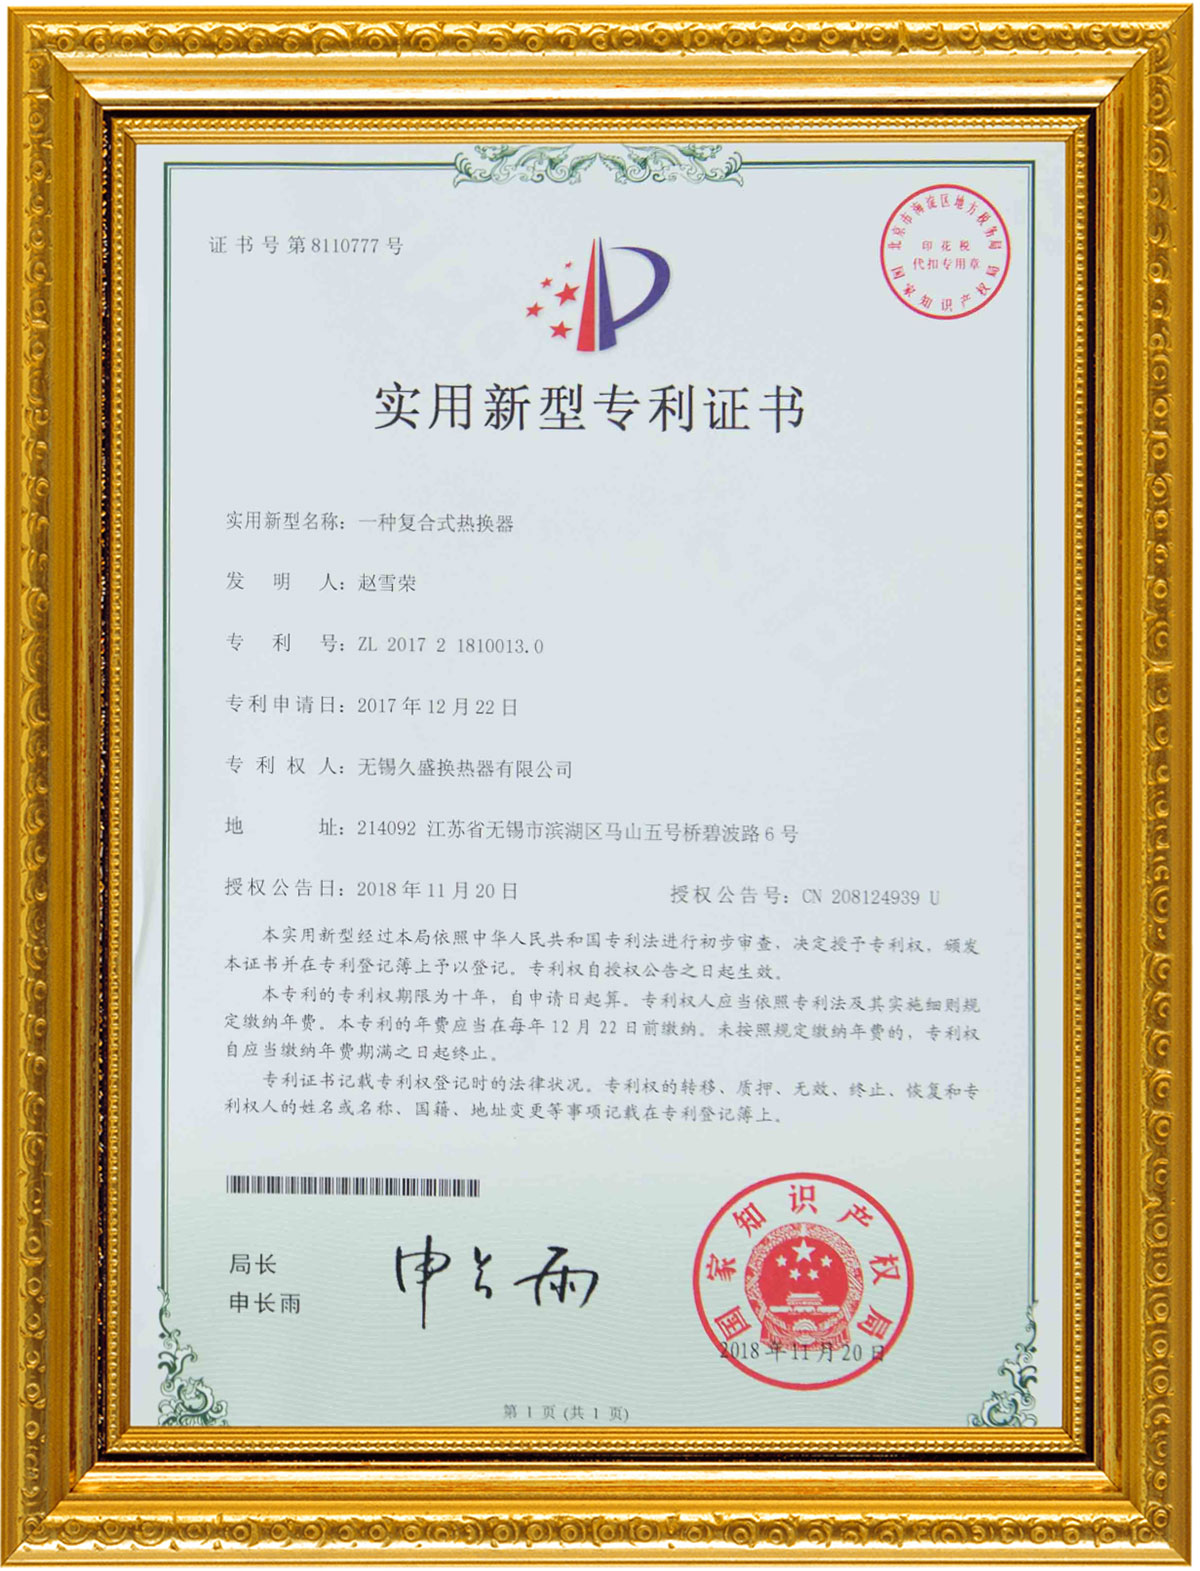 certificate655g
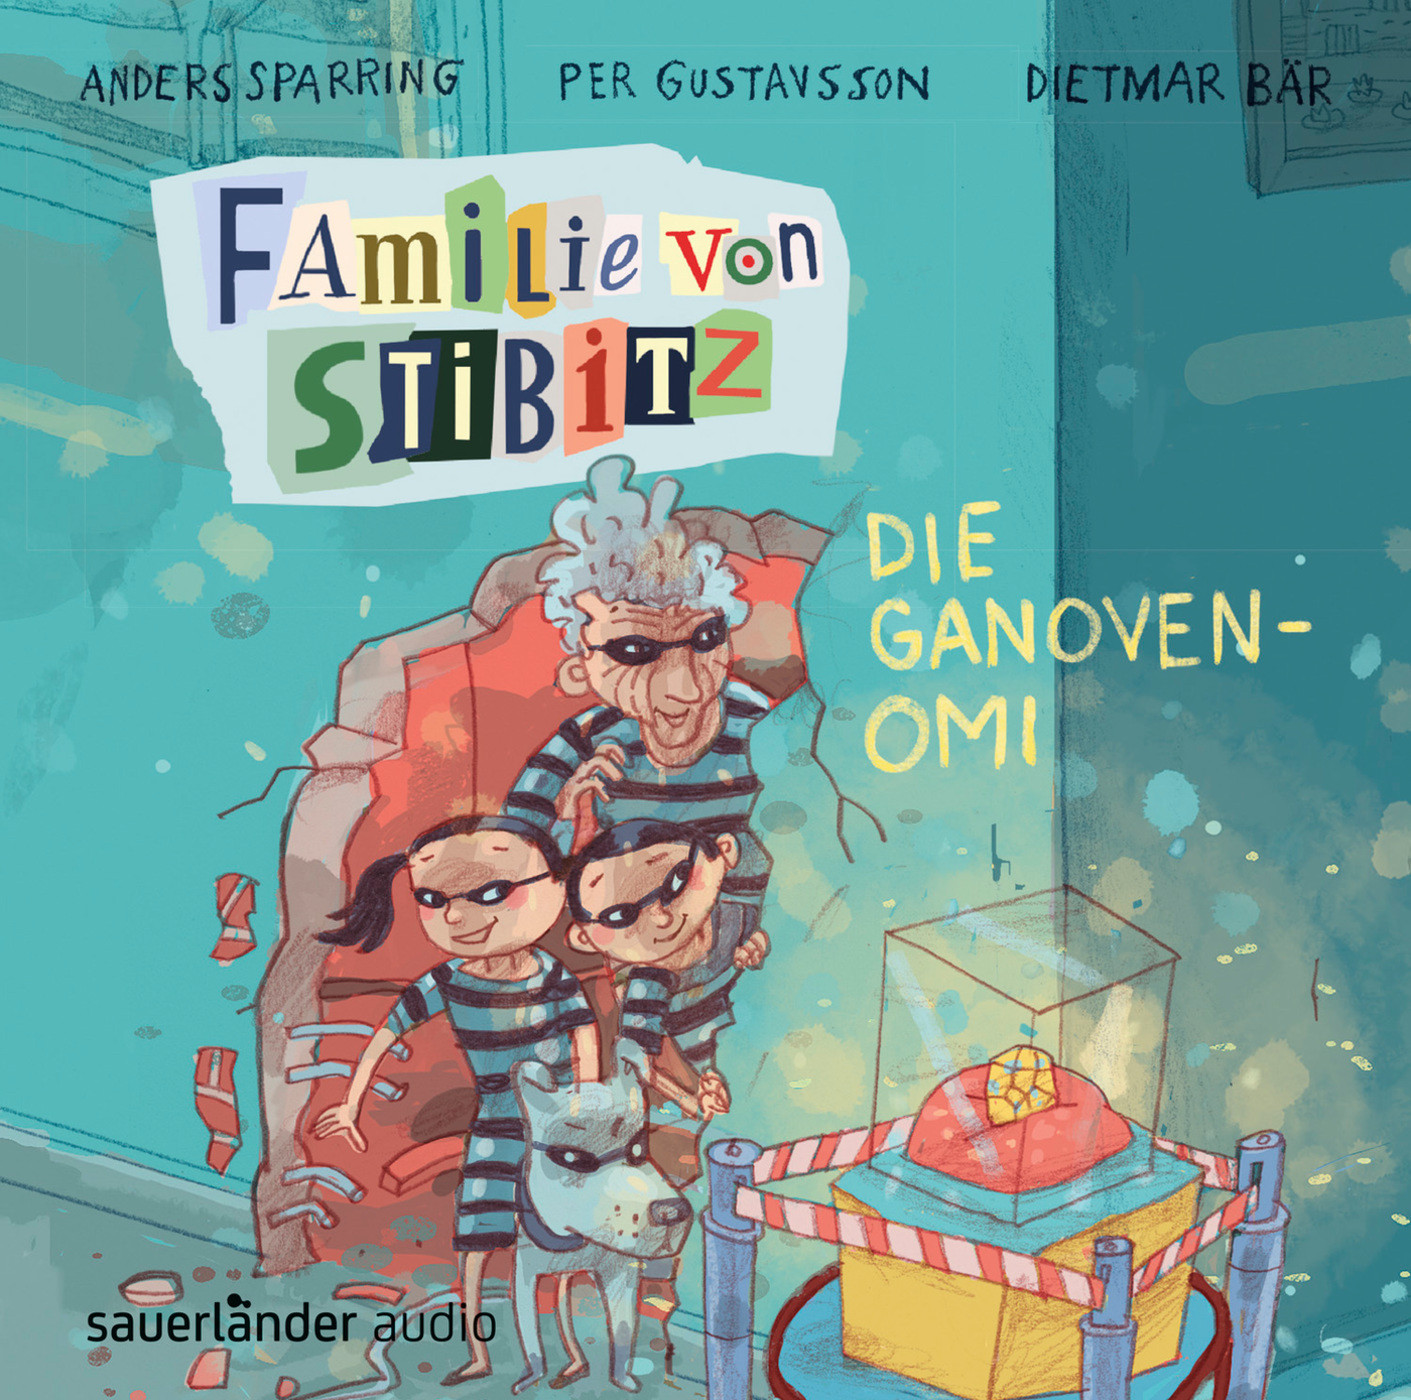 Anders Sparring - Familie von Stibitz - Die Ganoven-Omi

==

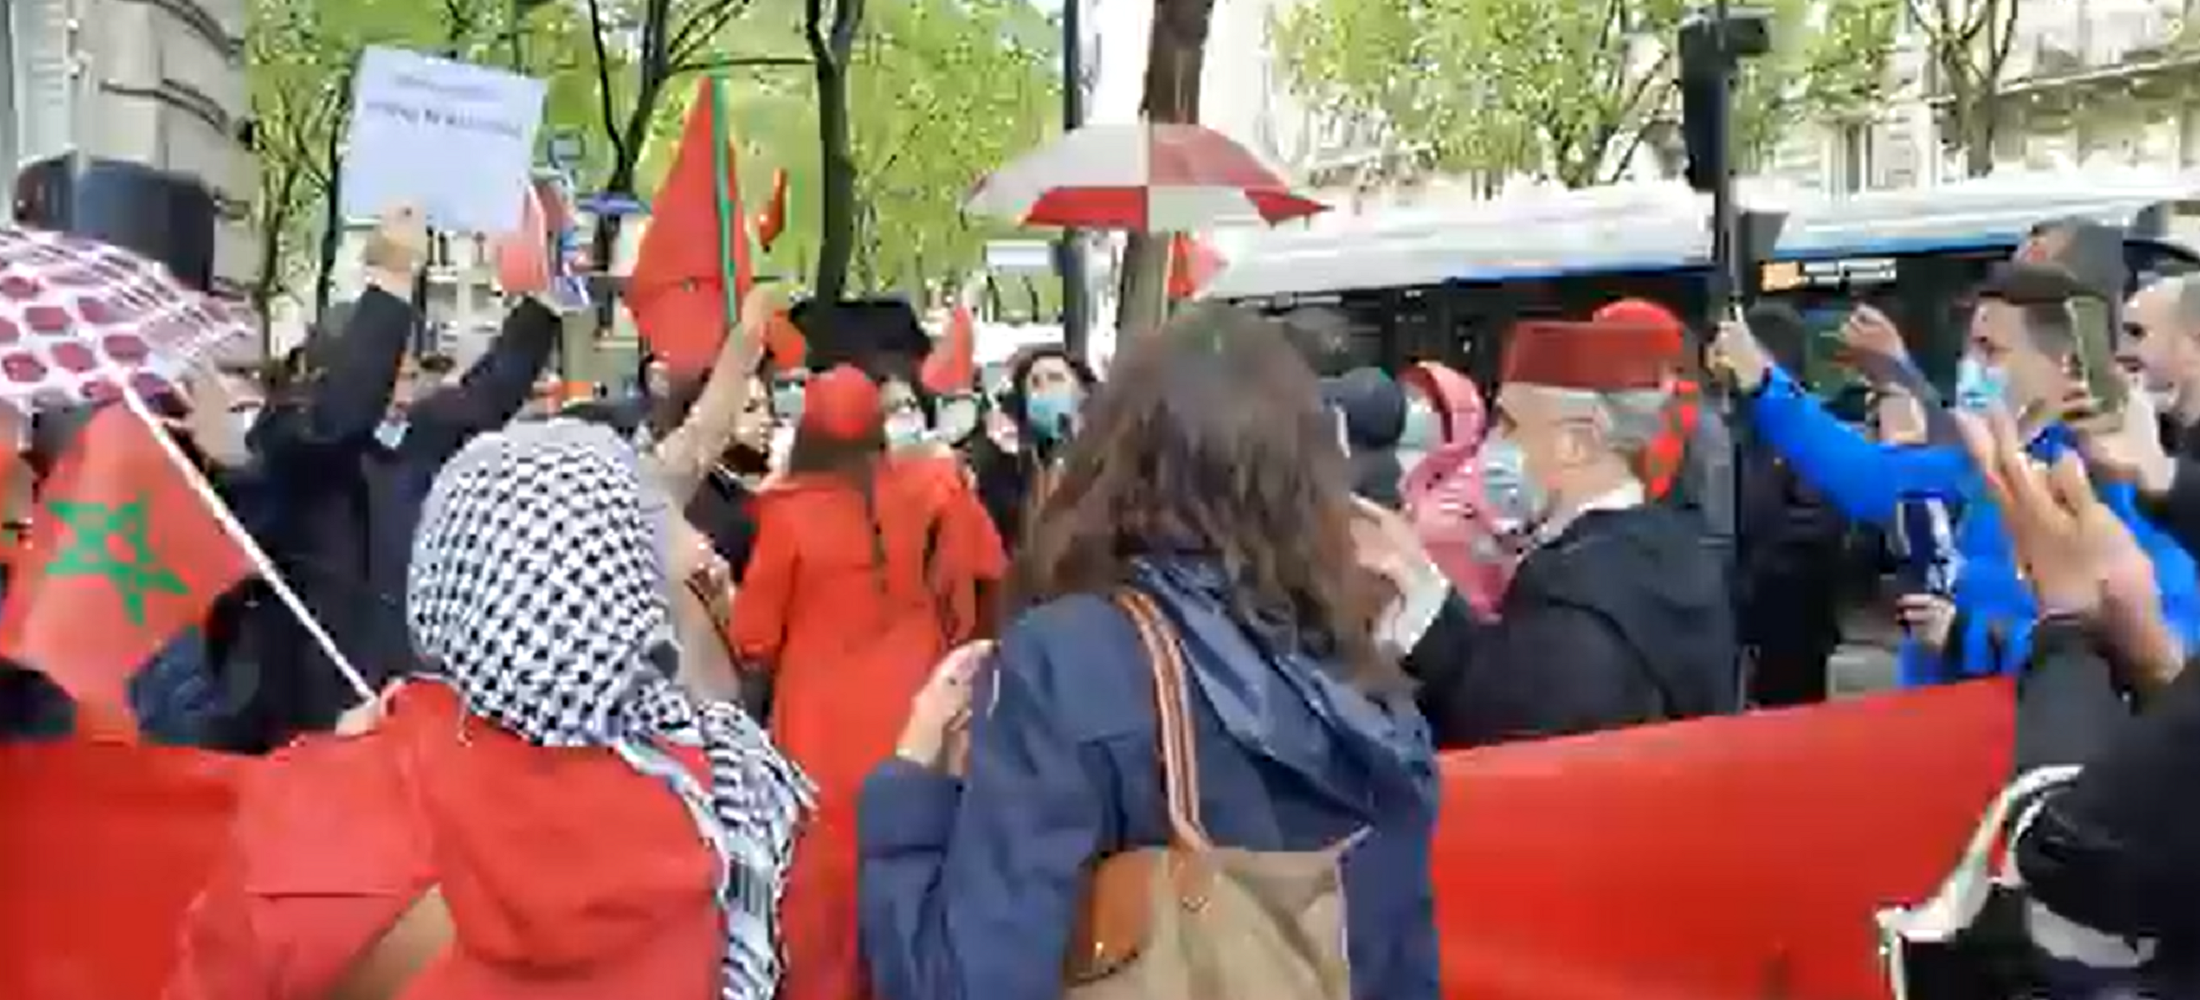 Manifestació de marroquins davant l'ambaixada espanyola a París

**Assignment**
Repeat the lines above exactly, beginning with the one containing "certificate655g" and finishing with the one containing "Anders Sparring - Familie". No pictures belong in the copy.

**Completed exercise**
 certificate655g
 Anders Sparring - Familie von Stibitz - Die Ganoven-Omi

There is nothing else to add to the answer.